Validate boundary behavior before entering the main loop or recursion.

Duplicates & Repeats

Repeated values / repeated states

Decide whether duplicates should be merged, skipped, or counted explicitly.

Extreme Constraints

Upper-end input sizes

Re-check complexity target against constraints to avoid time-limit issues.

Invalid / Corner Shape

Empty collections, zeros, or disconnected structures

Handle special-case structure before the core algorithm path.

Step 05

Full Annotated Code

Source-backed implementations are provided below for direct study and interview prep.

// Accepted solution for LeetCode #791: Custom Sort String
class Solution {
    public String customSortString(String order, String s) {
        int[] d = new int[26];
        for (int i = 0; i < order.length(); ++i) {
            d[order.charAt(i) - 'a'] = i;
        }
        List<Character> cs = new ArrayList<>();
        for (int i = 0; i < s.length(); ++i) {
            cs.add(s.charAt(i));
        }
        cs.sort((a, b) -> d[a - 'a'] - d[b - 'a']);
        return cs.stream().map(String::valueOf).collect(Collectors.joining());
    }
}

// Accepted solution for LeetCode #791: Custom Sort String
func customSortString(order string, s string) string {
	d := [26]int{}
	for i := range order {
		d[order[i]-'a'] = i
	}
	cs := []byte(s)
	sort.Slice(cs, func(i, j int) bool { return d[cs[i]-'a'] < d[cs[j]-'a'] })
	return string(cs)
}

# Accepted solution for LeetCode #791: Custom Sort String
class Solution:
    def customSortString(self, order: str, s: str) -> str:
        d = {c: i for i, c in enumerate(order)}
        return ''.join(sorted(s, key=lambda x: d.get(x, 0)))

// Accepted solution for LeetCode #791: Custom Sort String
impl Solution {
    pub fn custom_sort_string(order: String, s: String) -> String {
        let n = order.len();
        let mut d = [n; 26];
        for (i, c) in order.as_bytes().iter().enumerate() {
            d[(c - b'a') as usize] = i;
        }
        let mut ans = s.chars().collect::<Vec<_>>();
        ans.sort_by(|&a, &b| {
            d[((a as u8) - ('a' as u8)) as usize].cmp(&d[((b as u8) - ('a' as u8)) as usize])
        });
        ans.into_iter().collect()
    }
}

// Accepted solution for LeetCode #791: Custom Sort String
function customSortString(order: string, s: string): string {
    const toIndex = (c: string) => c.charCodeAt(0) - 'a'.charCodeAt(0);
    const n = order.length;
    const d = new Array(26).fill(n);
    for (let i = 0; i < n; i++) {
        d[toIndex(order[i])] = i;
    }
    return [...s].sort((a, b) => d[toIndex(a)] - d[toIndex(b)]).join('');
}

Step 06

Interactive Study Demo

Use this to step through a reusable interview workflow for this problem.

Custom checkpoints (one per line)

Press Step or Run All to begin.

Step 07

Complexity Analysis

Time

O(n)

Space

O(n)

Approach Breakdown

BRUTE FORCE

O(n²) time

O(1) space

For each element, scan the rest of the array looking for a match. Two nested loops give n × (n−1)/2 comparisons = O(n²). No extra space since we only use loop indices.

HASH MAP

O(n) time

O(n) space

One pass through the input, performing O(1) hash map lookups and insertions at each step. The hash map may store up to n entries in the worst case. This is the classic space-for-time tradeoff: O(n) extra memory eliminates an inner loop.

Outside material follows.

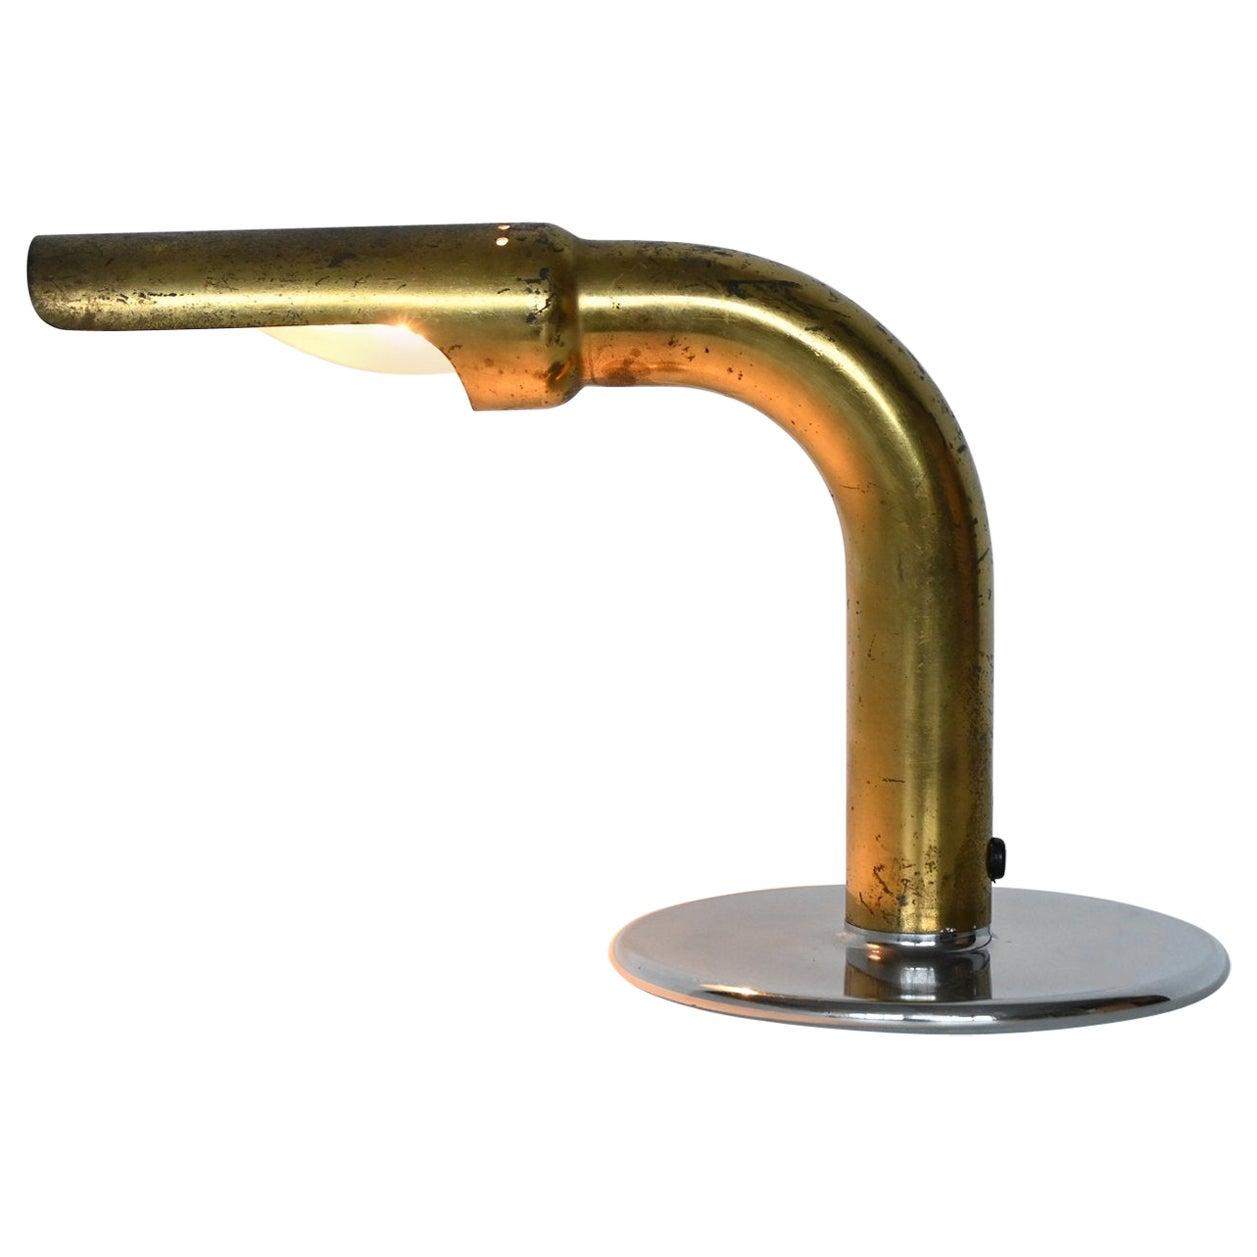 Ingo Maurer Gulp Desk Lamp M Design, Germany, 1970

Shortcut: Need to check “have I seen X before?” → hash map → O(n) time, O(n) space.

Coach Notes

Common Mistakes

Review these before coding to avoid predictable interview regressions.

Mutating counts without cleanup

Wrong move: Zero-count keys stay in map and break distinct/count constraints.

Usually fails on: Window/map size checks are consistently off by one.

Fix: Delete keys when count reaches zero.